Rob Cardillo for The New York Times
The New York Times published a lovely article last week about the TKF Foundation, whose book I mentioned in a recent posting (Open Spaces Sacred Places, 10/1/08). Anne Raver (“Public Spaces Meant to Heal” – click here to read the article) paints a portrait of the TKF Foundation and several of their 120 projects. Since Tom and Kitty Stoner started TKF 12 years ago, the Foundation has funded about $7 million in projects for community gardens, healthcare facilities, prison gardens, and other public places, primarily in Baltimore, Washington, and Annapolis. TKF’s mission is “to provide the opportunity for a deeper human experience by supporting the creation of public greenspace that offers a temporary place of sanctuary, encourages reflection, provides solace, and engenders peace.” 

The images in the article and in this posting are from the Amazing Port Street Sacred Commons in east Baltimore, which is one of the many projects in TKF’s new book, Open Spaces Sacred Places. I’ve received my copy, so stay tuned for a more thorough review of this beautiful and inspiring book.


Rob Cardillo for The New York Times

Healing Gardens in Prisons

Prison garden at Elmore County Correctional Facility, AL 
Photo courtesy Alabama Department of Corrections
Amy Lindemuth, who submitted her thesis for the Therapeutic Landscapes Database References page (see previous post), also recently published an article in the Journal of Mediterranean Ecology on healing gardens in prisons: “Designing Therapeutic Environments for Inmates and Prison Staff in the United States: Precedents and Contemporary Applications.” This is a really interesting area of the field of landscape and healthcare design that I would like to delve into more, maybe eventually giving it its own page on the TLD. The prison industrial complex, as Angela Davis calls it, has grown astronomically in recent decades, and access to gardens and gardening has been found to have a positive effect on those “inside.” 

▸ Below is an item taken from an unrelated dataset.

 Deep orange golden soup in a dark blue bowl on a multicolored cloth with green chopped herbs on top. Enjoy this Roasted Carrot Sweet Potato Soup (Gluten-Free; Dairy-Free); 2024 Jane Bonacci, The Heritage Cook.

Last year, Clare Cooper Marcus wrote a great piece about UC Berkeley Landscape Architecture students’ work on a prison hospice garden in Vacaville, CA (first published in Frameworks, the UC Berkeley College of Enviornmental Design Alumni Magazine, Fall 2006, pp. 10-15) which was reprinted in the ASLA Healthcare and Therapeutic Design Professional Practice Network 2007 Newsletter. Scroll to page 6 to read that article.

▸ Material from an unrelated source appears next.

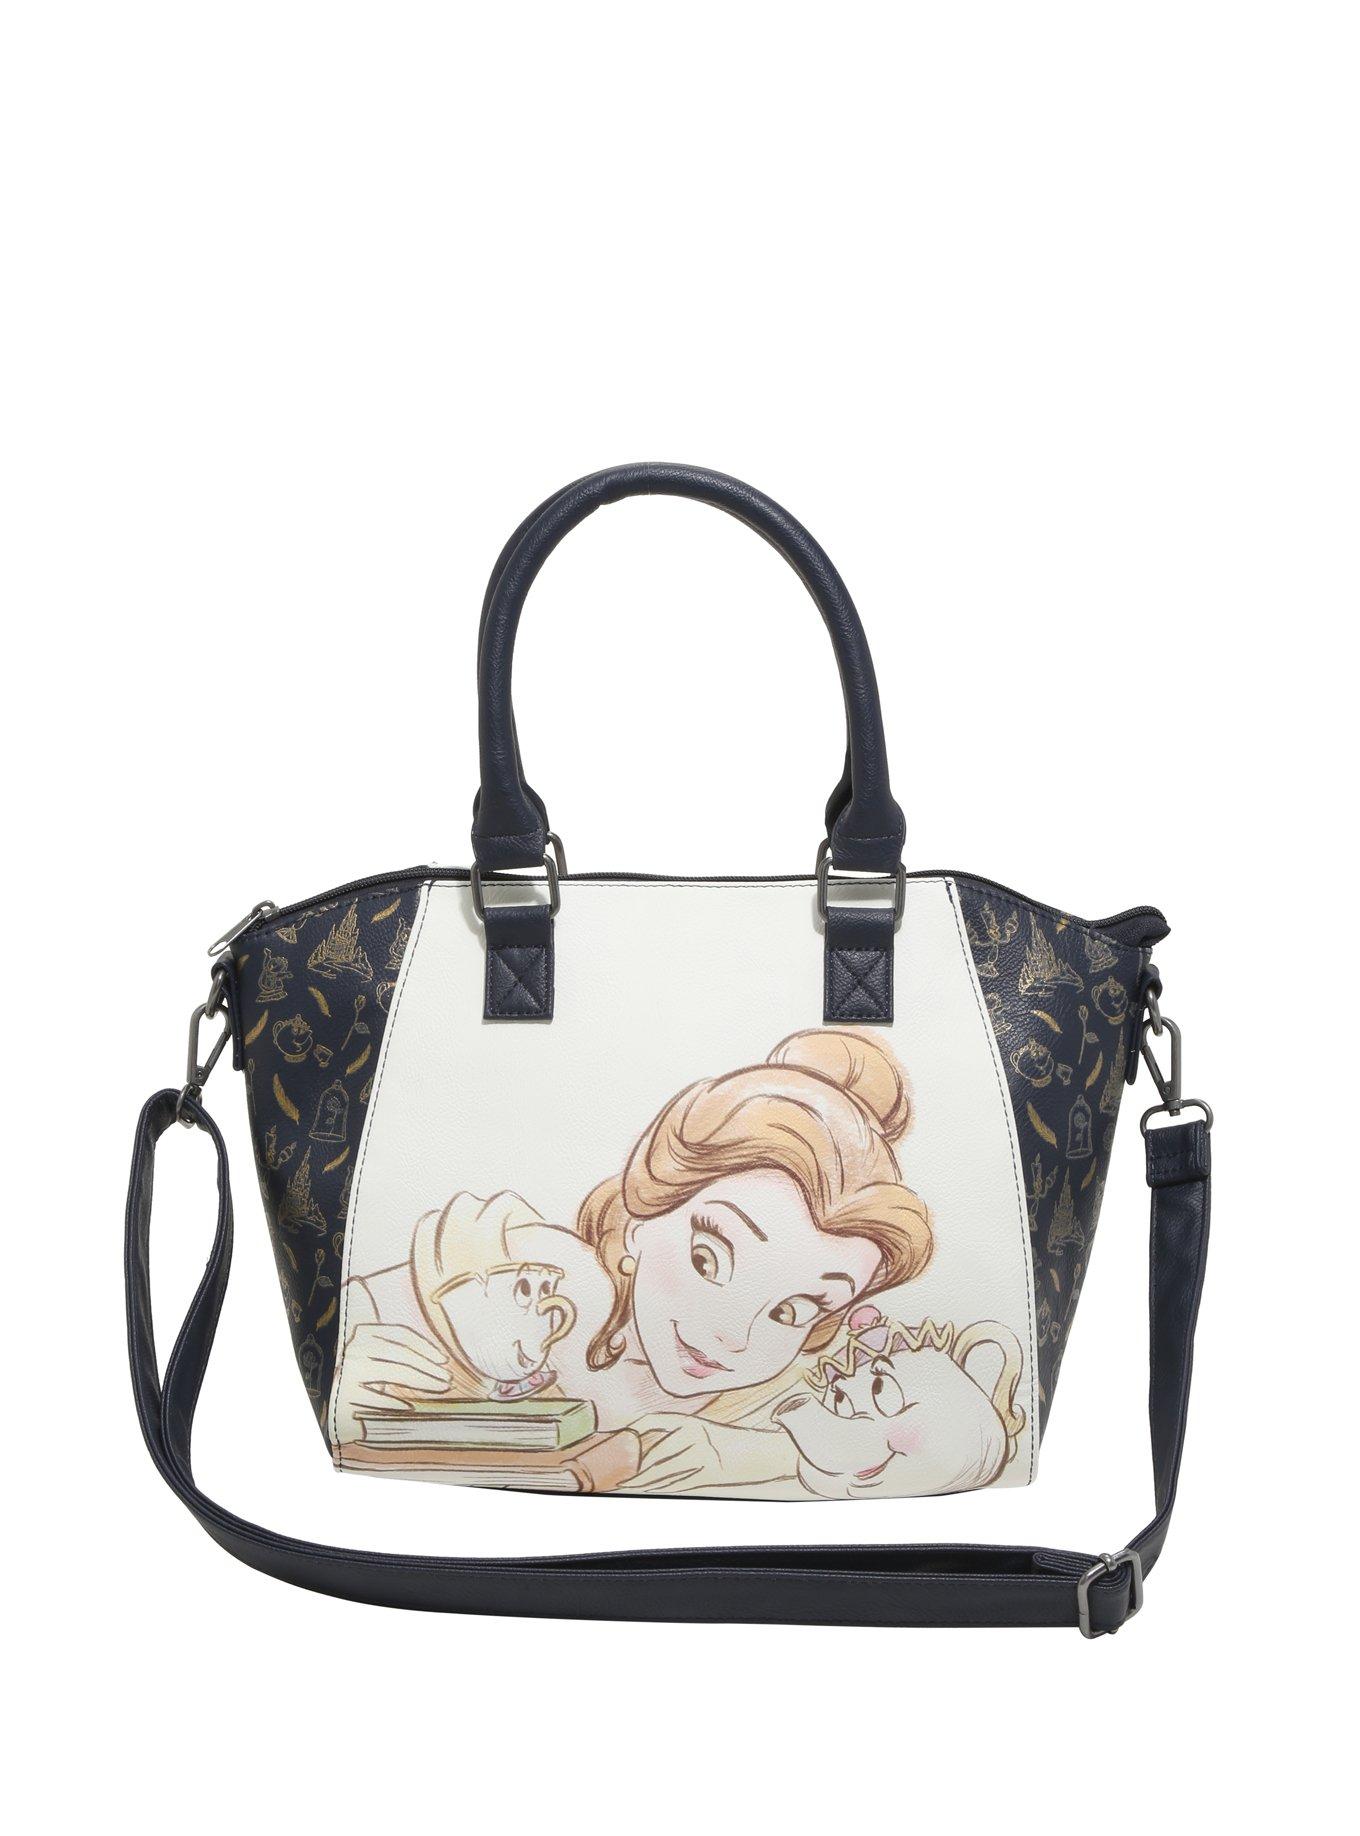 Disney Beauty And The Beast Belle Mrs. Potts & Chip Satchel Bag | Hot Topic

After a quick search on the web, I found two interesting articles to include here. 

One is from the Human Flower Project, titled “Flowers in Purgatory,” from July 2006. That’s where the above photo is from. 

The second is from the TKF Foundation website, one of their Sacred Space Locations: The Metropolitan Transition Center in Baltimore, MD.

And finally, if you’re interested in this subject, the book Doing Time in the Garden: Life Lessons Through Prison Horticulture, by James Jiler, should definitely be on your reading list.